1.4. Analyzing the optimizer

By setting the gradient of the Lagrangian to zero, we see that the optimal solution has the form

$\displaystyle p_S(\lambda_1, \ldots, \lambda_n) = \frac{\exp\left(\sum_{i \in S} \lambda_i \right) D_S}{\sum_{|S|=k} D_S \exp\left(\sum_{i \in S} \lambda_i\right)} = \frac{\exp\left(\sum_{i \in S} \lambda_i \right) D_S}{\det\left(\sum_{i=1}^n e^{\lambda_i} x_i x_i^T\right)} = \frac{\det\left(\sum_{i \in S} e^{\lambda_i} x_i x_i^T\right)}{\det\left(\sum_{i=1}^n e^{\lambda_i} x_i x_i^T\right)} \ \ \ \ \ (3)$

for some dual variables ${(\lambda_1, \ldots, \lambda_n)}$. Note that the ${\{\lambda_i\}}$ dual variables are unconstrained because they come from equality constraints.

Let us write ${U = \sum_{i=1}^n e^{\lambda_i} x_i x_i^T}$. We use ${p_S^*}$, ${U_*}$, and ${\{\lambda_i^*\}}$ to denote the values at the optimal solution.
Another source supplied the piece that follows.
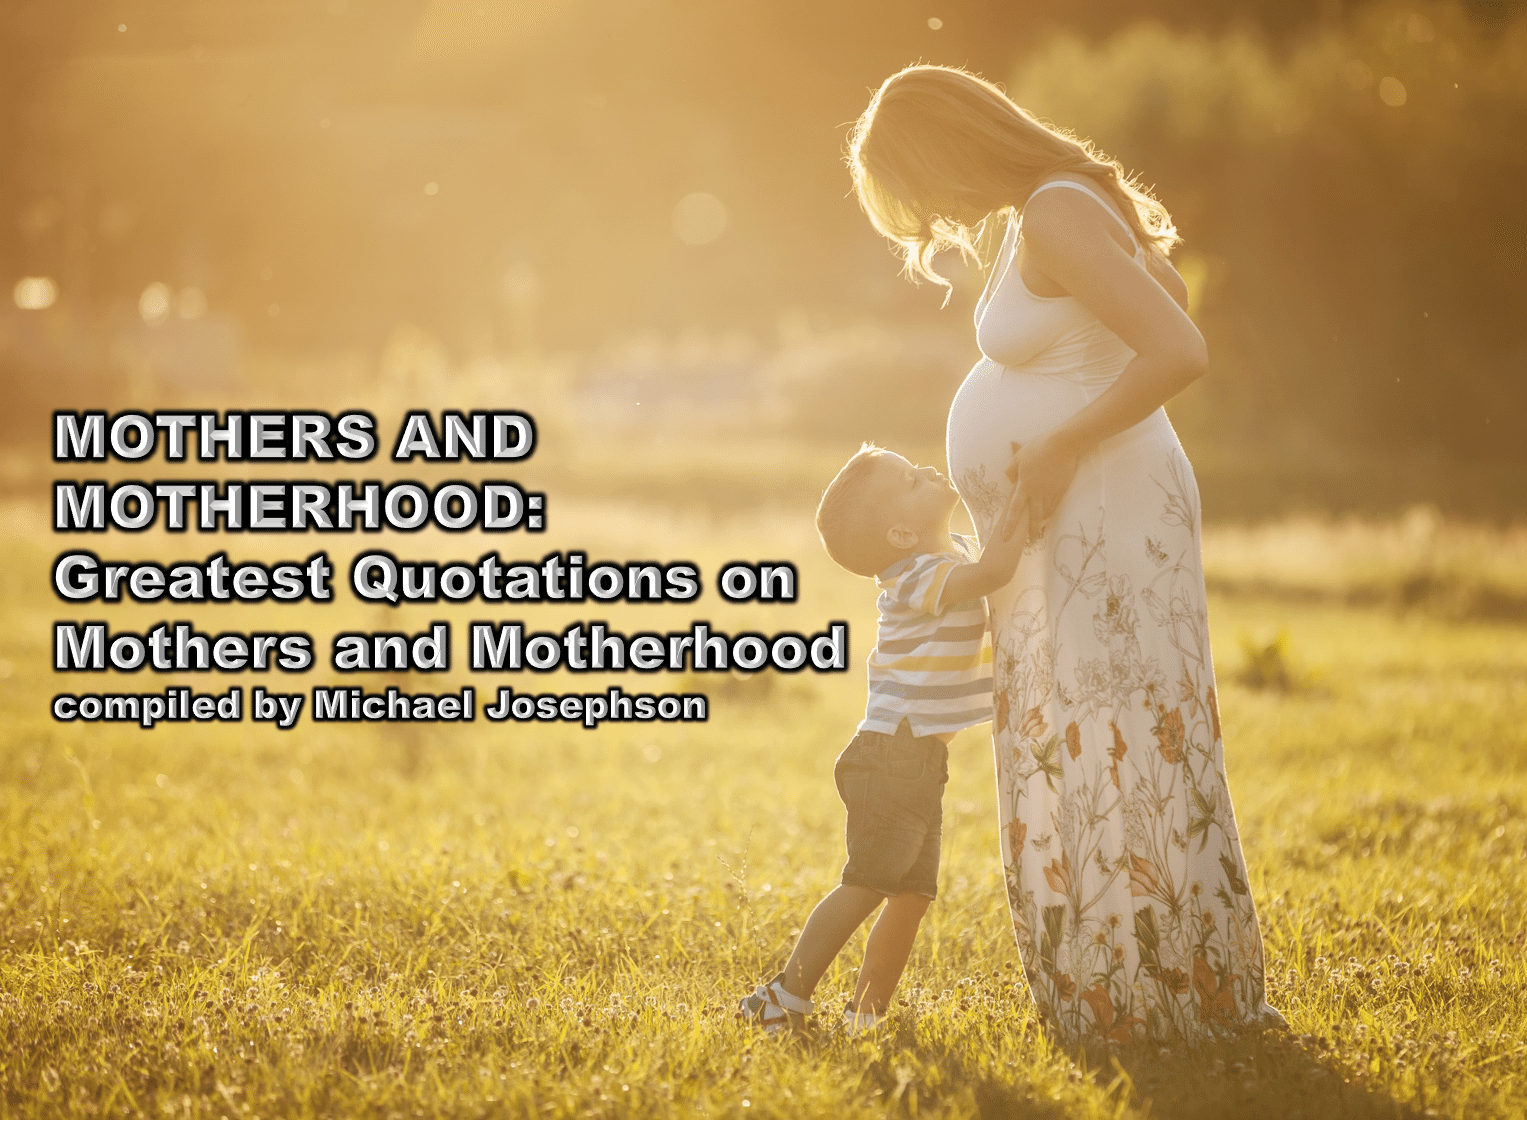 greatest-quotations-on-mothers-and-motherhood-what-will-matter
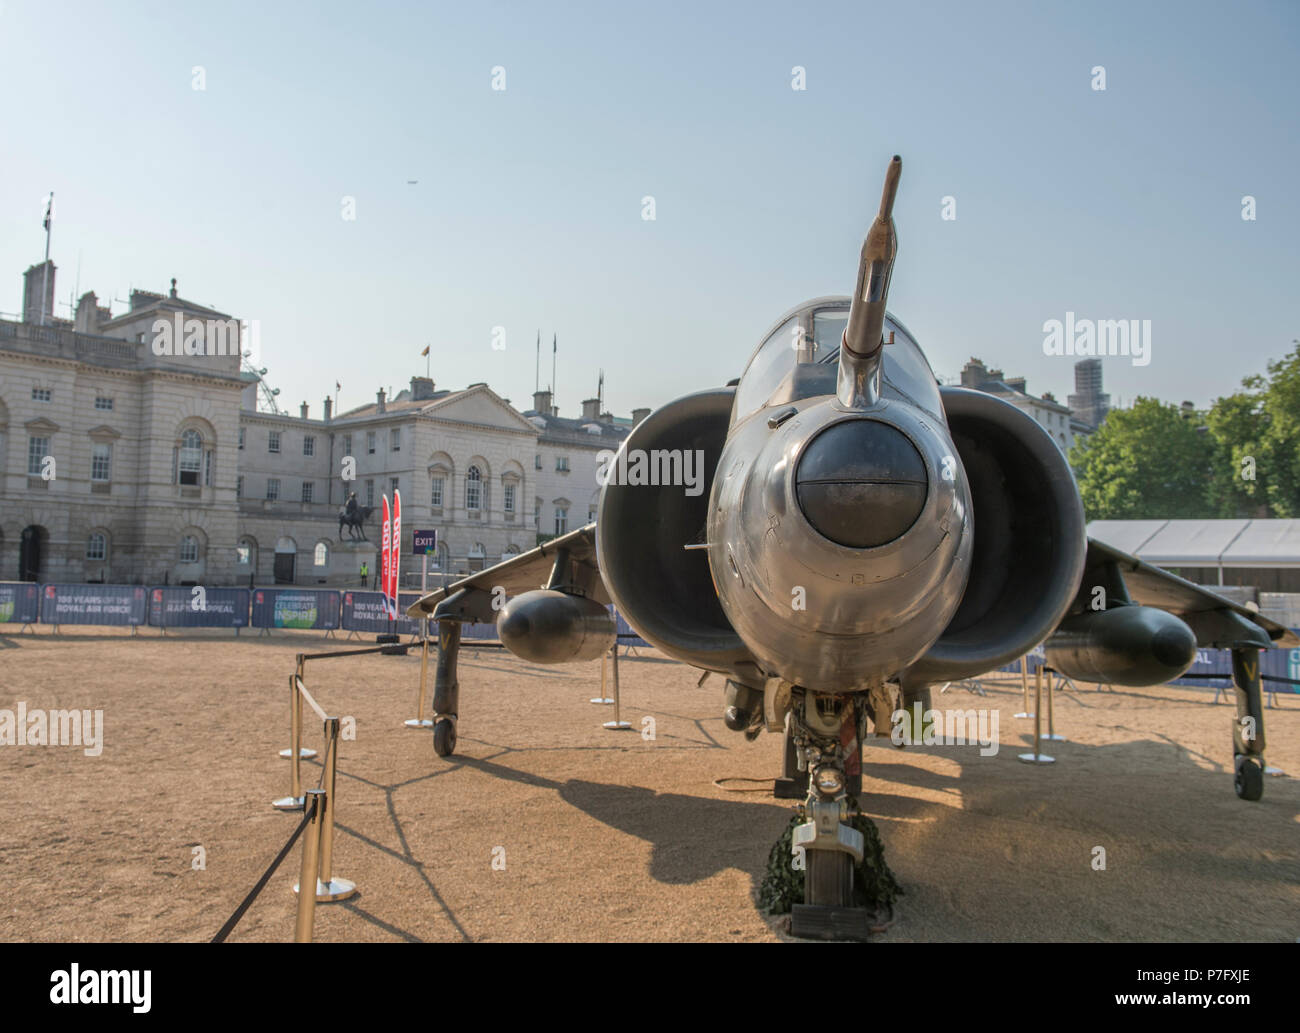 Horse Guards Parade, London, UK. 6 July, 2018. RAF100, an exhibition of aircraft covering the RAF’s history, from WW1 and WW2 through to the modern age are displayed at Horse Guards Parade in central London, open to the public from 11.00am on 6th till 9th July 2018. Static display of a VTOL Harrier GR3, the famous jump jet and veteran of the Falklands War. Credit: Malcolm Park/Alamy Live News. Stock Photo

Using again the rank-one update formula for the determinant,

$\displaystyle \frac{\partial}{\partial \lambda_i} \log \det(U) = e^{\lambda_i} \langle x_i, U^{-1} x_i\rangle\,.$

But just as in (2), we can also use Cauchy-Binet to calculate the derivative (from the second expression in (3)):

$\displaystyle \frac{\partial}{\partial \lambda_i} \log \det(U) = \sum_{S : i \in S} p_S\,,$

where we have used the fact that ${\frac{\partial}{\partial \lambda_i} p_S = p_S}$ if ${i \in S}$ (and otherwise equals ${0}$). We conclude that

$\displaystyle \langle x_i, U_*^{-1} x_i\rangle = e^{-\lambda^*_i} \sum_{S : i \in S} p^*_S = e^{-\lambda^*_i} \frac{k}{n}\,.$

Now we can finish the proof: Let ${A = U_*^{-1/2}}$. Then:

$\displaystyle \sum_{i=1}^n \frac{(A x_i) (A x_i)^T}{\|A x_i\|^2} = U_*^{-1/2} \sum_{i=1}^n \frac{x_i x_i^T}{\langle x_i, U_*^{-1} x_i\rangle} U_*^{-1/2}$

$\displaystyle = U_*^{-1/2} \sum_{i=1}^n \frac{n}{k} e^{\lambda_i^*} x_i x_i^T U_*^{-1/2} = \frac{n}{k} I\,.$